I have read in many places (for one, an article in "Brain and Cognition" by Dahlia Zaidel of UCLA) that all of us have a powerful innate attraction to physical symmetry in faces when we are mate-selecting. Perhaps, E8 has a particularly elegant countenance to suitors on an intellectual plane.
Symmetry certainly plays an important role in physics. Many of the conservation laws are believed to come about because of "broken symmetries" of quantum fields. All useful particle models exhibit what is know as the Yang-Mills symmetry. As a matter of fact symmetric properties are powerful mathematic tools used to guide the development of particle physics.
String theory will be testable once the 2 satellites reach the other side of the sun and send test signals to the 2 on the side we see - but it will take years until they're all in place.
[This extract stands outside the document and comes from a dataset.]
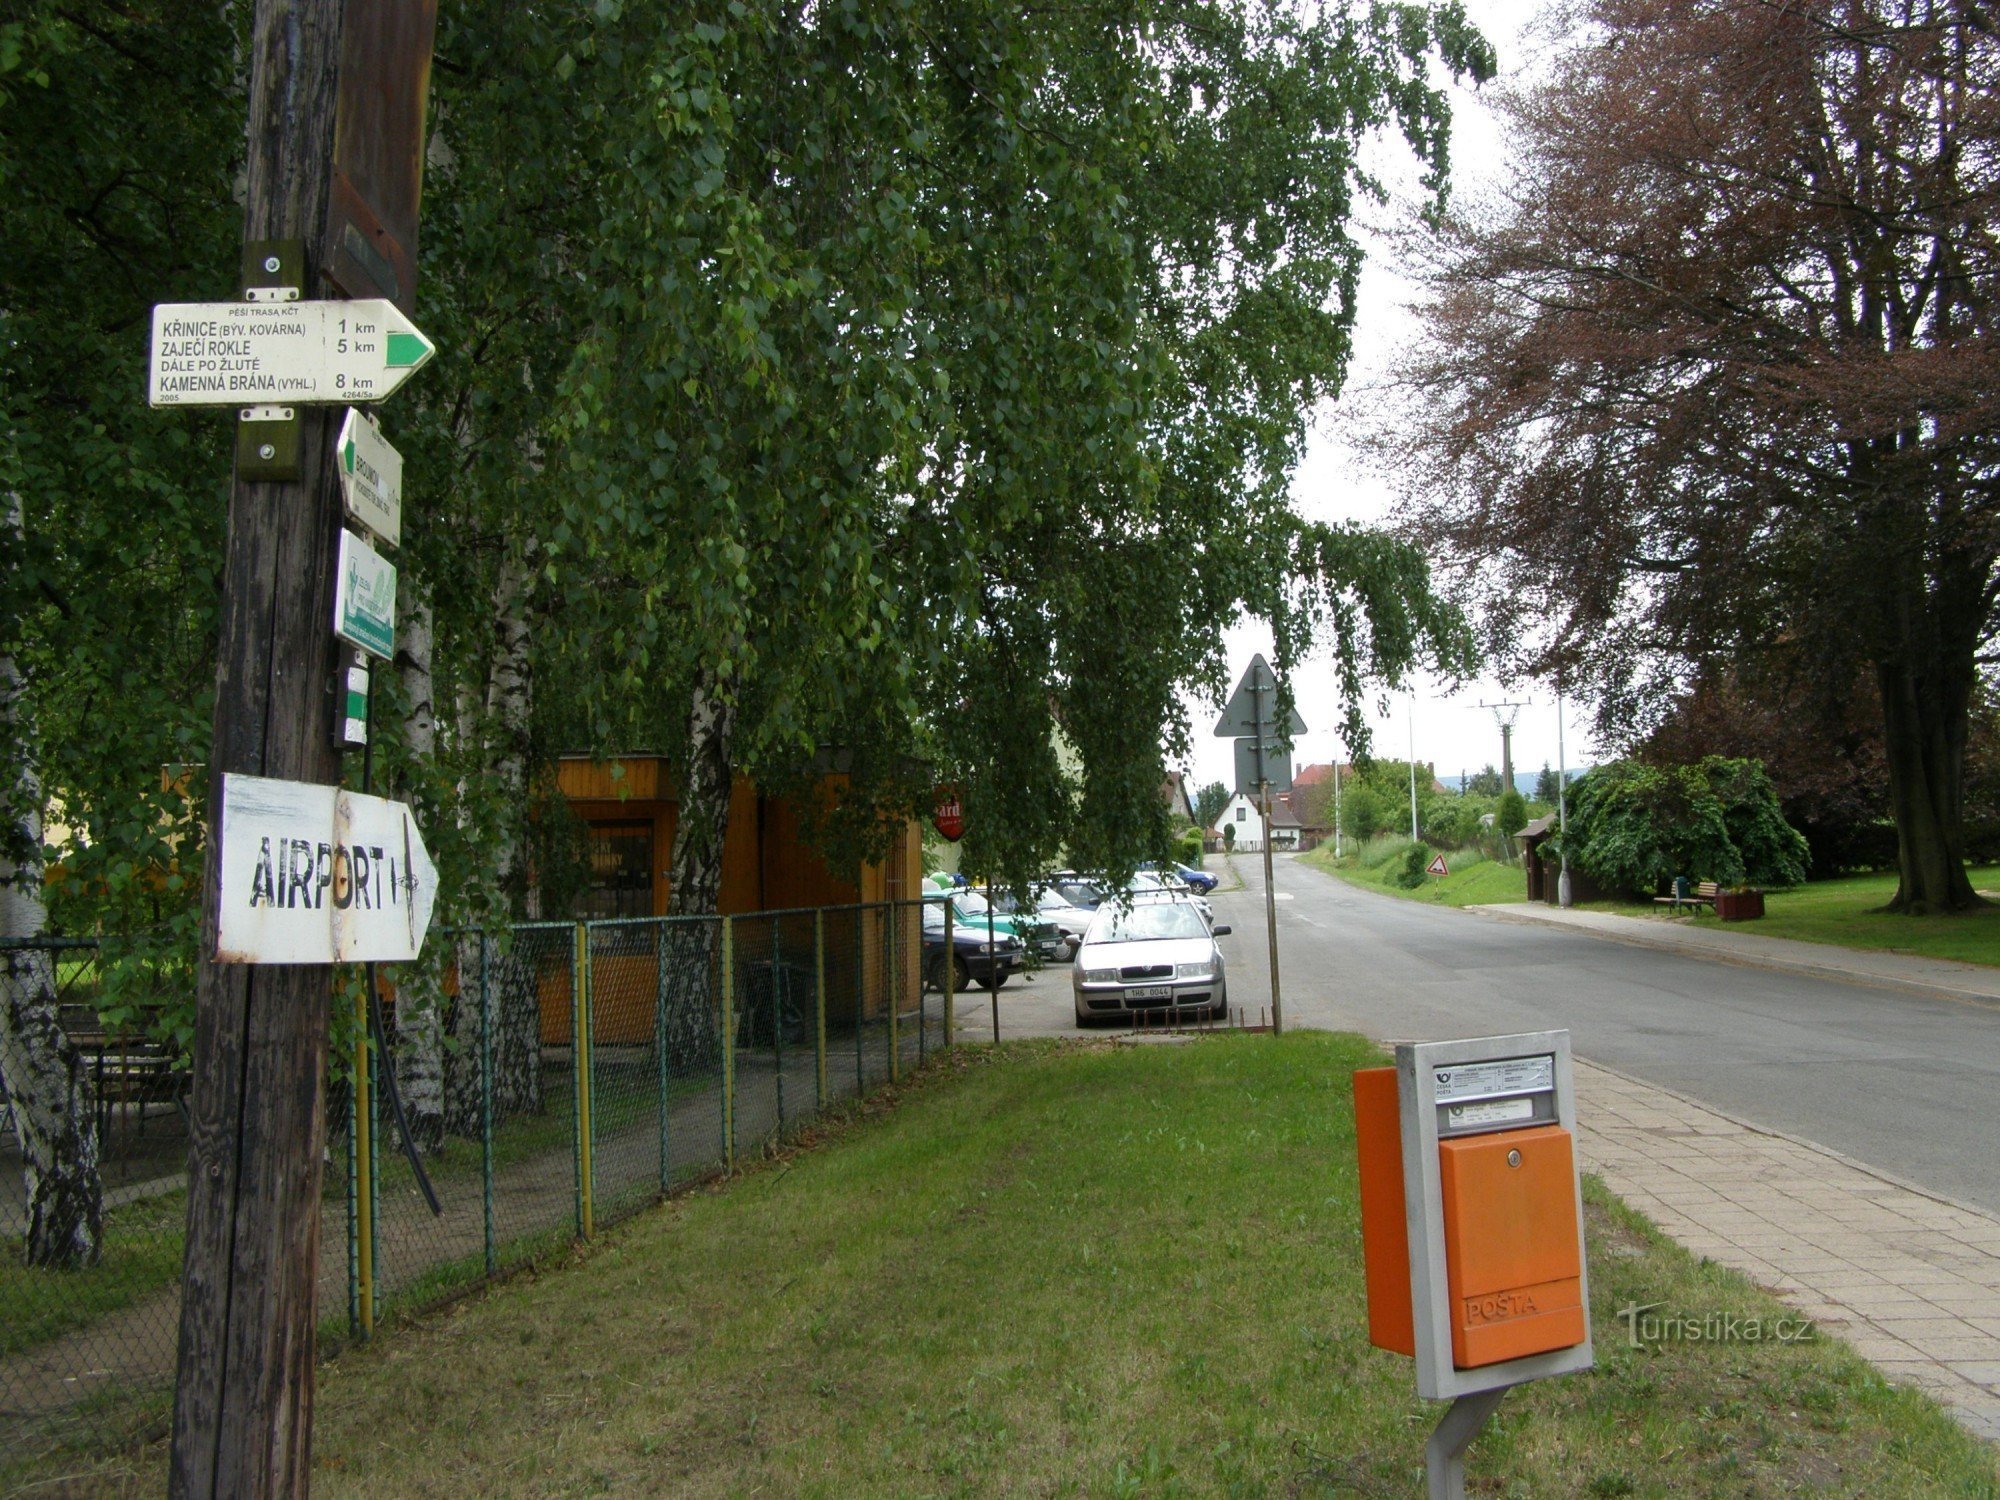 turistično križišče Broumov - pri leseni cerkvi (pri bolnici)

However there's a new theory of everything using E8:
http://arxiv.org/abs/0711.0770
and that's a general outline for the non-techies:
http://backreaction.blogspot.com/2007/11/theoretically-simple-exception-of.html
Quote:Each root of the E8 Lie algebra corresponds to an elementary particle field, including the gravitational (green circles), electroweak (yellow circles), and strong gauge fields (blue circles), the frame-Higgs (squares), and three generations of leptons (yellow and gray triangles) and quarks (rbg triangles) related by triality (lines). Spinning this root system in eight dimensions shows the F4 and G2 subalgebras.